There are so many amazing books about music out there, and sadly, there’s not even a fraction of the time we would need to read them all.
So, while you’re prioritizing which music books to read this year, here’s a list of 9 to help you get started. They are some of my absolute favorites.
This is one of the best books I have ever read. At it’s core, it is an exposition of Beethoven’s “To play a wrong note is insignificant; to play without passion is inexcusable.” The author shows the importance of involving body and emotion (not just brain) in the execution of a piece and teaches really practical ways to avoid tension and let your body follow its natural flow without sacrificing mental alertness. The goal is this: if you’re going to play a wrong note, play it well.
This one is every bit as good as The Perfect Wrong Note, just in a very different way. I appreciate so much about the advice in this book. The author is an experienced, international pianist, and she gives extremely practical advice on practicing, musicianship, memorization, developing finger control, preparing for performances, listening, teaching, sight-reading technique, selecting repertoire, and more, and it’s wonderful. This is NOT a how-to-play-the-piano-in-5-easy-steps kind of book. It’s about learning how to handle your instrument like an artist.
READ MY FULL REVIEW HERE.
I have used this book so many times when studying composers. Each of the 42 chapters is devoted to a composer and includes a quote, mini-bio, recommended reading list for further study, and recommended listening list.
As a musician, I appreciate the scholarship, history, and education in this book. As a Christian, I appreciate the authors’ analysis of the composers’ lives, priorities, and standards. Using the recommended listening lists as a guide is a fantastic way to familiarize yourself with the great composers’ most known works. Definitely add it to your library!
If I had to pick one word to describe this book, it would be adorable. It’s a fantastic overview of Schumann’s life and musical career, and it gave me a greater appreciation for his work. It’s a kids’ book, true. But it’s great for adults and families, too.
READ MY FULL REVIEW HERE.
This is the most comprehensive book presentation of basic music theory that I’ve read to date. Most “Introduction to Theory” books confuse even the most basic concepts by using the most technical and musically scientific terms possible. This book was radically different – simple, concise, and in plain language that beginners can understand. Music theory is only confusing if you make it so, and this book doesn’t.
This book is intended to be a informal course for beginners, though it does venture into some relatively intense theory by the last third of the book – particularly advanced chord structures, harmonization, and composition. These more advanced concepts are taught extremely well, but if it is confusing for the time being, lay that part aside for a while and come back to it when you have worked your way to that point.
6 | The Joy of Music
Actually, I recommend that you read half of this book. Specifically, these chapters:
Beethoven’s Fifth Symphony
The World of Jazz
Introduction to Modern Music
The Music of Johann Sebastian Bach
These are a collection of scripts from various radio/television interviews the famous conductor / composer Leonard Bernstein gave over the course of his life. So, while half of the scripts are hard to appreciate because they lack the musical context that would have been present in the radio programs, the four chapter listed above are amazing. It’s extremely educational (Bernstein often jumps into conversations on chord structures, compositional forms, and stylistic specifics, complete with musical scores), but the conversational style of the chapters keeps it easy to understand.
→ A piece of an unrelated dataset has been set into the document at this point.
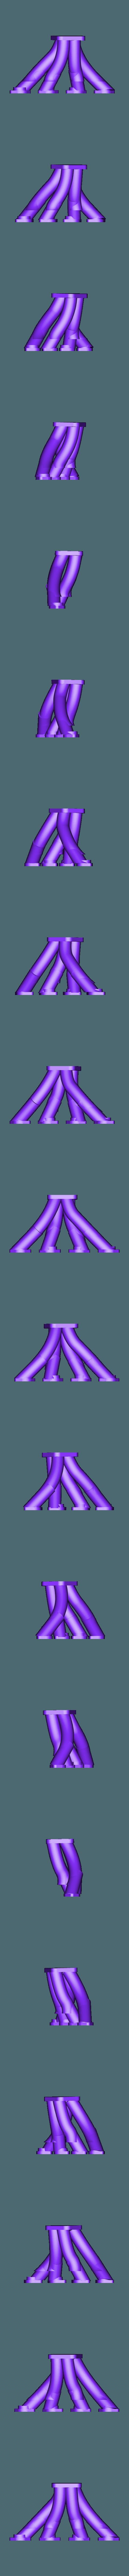 collecteur court turbo gauche .stl Download STL file Fury road hotrod bodyshell 1/10 • 3D printing design, RCGANG93

Note: There are a few issues with the other chapters in this book, namely language and morally questionable operatic scenes.
This book is a listener’s introduction to fundamental elements and forms of music, written by 20th-century composer Aaron Copland. First, he talks about what makes music: rhythm, melody, harmony, tone color, texture, and structure. Then he goes on to explain fundamental music forms: sectionals, variations, fugues, sonatas, free form, opera & drama, contemporary, and film scores.
It’s a great resource for music students and music enthusiasts. Although… if you’re an enthusiast, you’ll be a student by the end of the book. ;)
This is a unique biography because it is divided into three parts:
PART I is a great overview of Bach’s Life and Musical Career. It outlines the highlights of his career without getting bogged down on unnecessary details. And the best part? It’s interesting. It’s worth reading just this section if you’re short on time.
PART II is a close look at Bach’s Character. The author talks about his many strengths and a few of his weaknesses. This is the longest section and does feel lengthy if you’re trying to hurry through it. Still, if you take your time, it is interesting to get such a close look at the person of Bach.
PART III discusses Bach’s Legacy – the way his work affected classical music, history, and us. It really is incredible how great of an impact one person can have on so many other lives.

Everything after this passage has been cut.